Current data frame: I have a pandas data frame where each employee has a text code(all codes start with T) and an associated frequency right next to the code. All text codes have 8 characters.
+----------+-------------------------------------------------------------+
| emp_id | text |
+----------+-------------------------------------------------------------+
| E0001 | [T0431516,-8,T0401531,-12,T0517519,12] |
| E0002 | [T0701540,-1,T0431516,-2] |
| E0003 | [T0517519,-1,T0421531,-7,T0516319,9,T0500371,-6,T0309711,-3]|
| E0004 | [T0516319,-3] |
| E0005 | [T0431516,2] |
+----------+-------------------------------------------------------------+
Expected data frame: I am trying to make the text codes present in the data frame as individual columns and if an employee has a frequency for that code then populate frequency else 0.

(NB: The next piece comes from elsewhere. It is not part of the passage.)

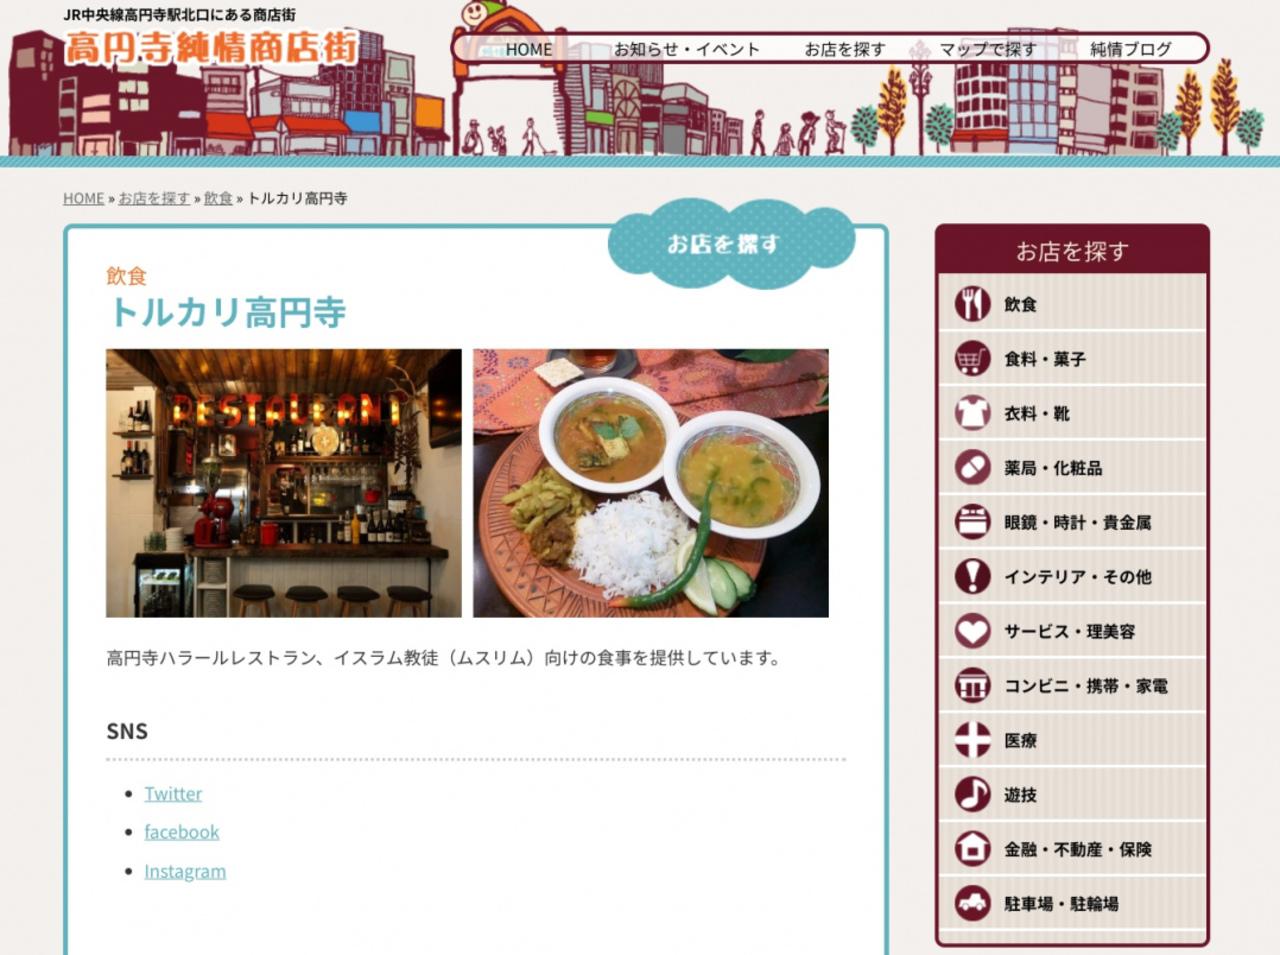 高円寺純情商店街のホームページにトルカリ高円寺を掲載していただきました!

+----------+----------------------------------------------------------------------------------------+
| emp_id | T0431516 | T0401531 | T0517519 | T0701540 | T0421531 | T0516319 | T0500371 | T0309711 |
+----------+----------------------------------------------------------------------------------------+
| E0001 | -8 | -12 | 12 | 0 | 0 | 0 | 0 | 0 |
| E0002 | -2 | 0 | 0 | -1 | 0 | 0 | 0 | 0 |
| E0003 | 0 | 0 | -1 | 0 | -7 | 9 | -6 | -3 |
| E0004 | 0 | 0 | 0 | 0 | 0 | -3 | 0 | 0 |
| E0005 | 2 | 0 | 0 | 0 | 0 | 0 | 0 | 0 |
+----------+----------------------------------------------------------------------------------------+
Sample data:
pd.DataFrame({'emp_id' : {0: 'E0001', 1: 'E0002', 2: 'E0003', 3: 'E0004', 4: 'E0005'},
'text' : {0: '[T0431516,-8,T0401531,-12,T0517519,12]', 1: '[T0701540,-1,T0431516,-2]', 2: '[T0517519,-1,T0421531,-7,T0516319,9,T0500371,-6,T0309711,-3]', 3: '[T0516319,-3]', 4: '[T0431516,2]'}
})
So, far my attempts were unsuccessful. Any pointers/help is much appreciated!